# [FVWM] configuration

## Atreillou

Bonjour,

je cherche a configurer fvwm.

Ormis les pages de configuration que l on trouve dans le site www.fvwm.org, auriez vous des tutos ou autre à me conseiller pour ce windows manager ?

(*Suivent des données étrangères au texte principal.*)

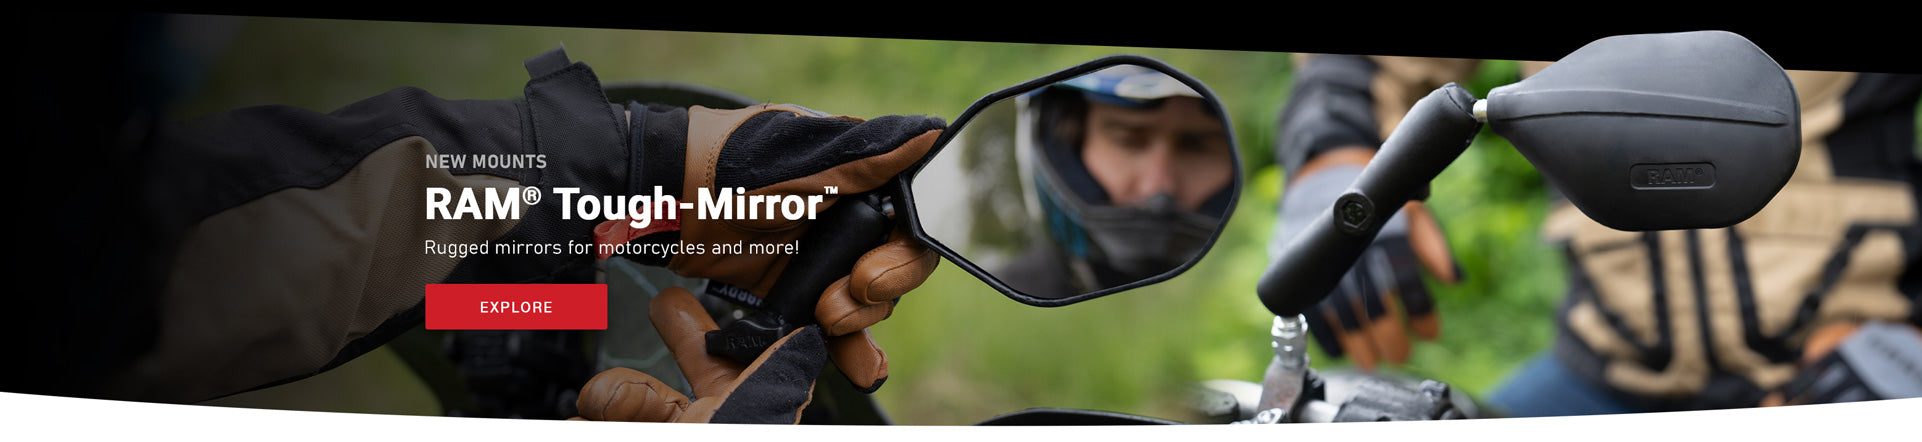 Banner image featuring the new RAM® Tough-Mirror™ coming soon

Si possible bien documenté...

Merci d'avance....

PS: c'est pour en arriver a ca:

http://desintegr.free.fr/gentoo/fvwm20040425_thumb.jpg

si desintegr lit ca...   :Wink: 

----------

## fafounet

tu aurais pas une semaine de vacances par hasard ?

----------

## sebweb

Ici peut etre :

http://desintegr.free.fr/fvwm/  :Laughing: 

----------

## FouiniX

Comme toi, J'y travaille également : http://cestle9la.free.fr/

C'est vraiment un très bon WM

Egalement 2 liens vers les sites de passionnés / dev. de fvwm :

http://ikaro.homepage.dk/fvwm/ et http://dev.gentoo.org/~taviso/

----------

## CooLoS

J'ai trouvé ca sur le forum de hardware.fr

http://forum.hardware.fr/hardwarefr/OSAlternatifs/sujet-36296-1.htm

----------

## ttgeub

Ben voila ma config si ca peut aider, le fichier contient quelques commentaires :

Screenshot :

http://www.lifl.fr/~dumont/fvwm/screenshot.jpg

Fichier html :

http://www.lifl.fr/~dumont/fvwm/fvwm2rc.html

Fichier : 

http://www.lifl.fr/~dumont/fvwm/fvwm2rc

----------

## Corto

J'ai emergé ça hier et c'est très joli.

Mais je ne trouve pas où ni comment changer la résolution. Je suis par défaut en 1600*1200 (la plus grande de mon XF86config) mais sur mon 17" c'est un peu tendu.

Qqn sait où changer ça ?

----------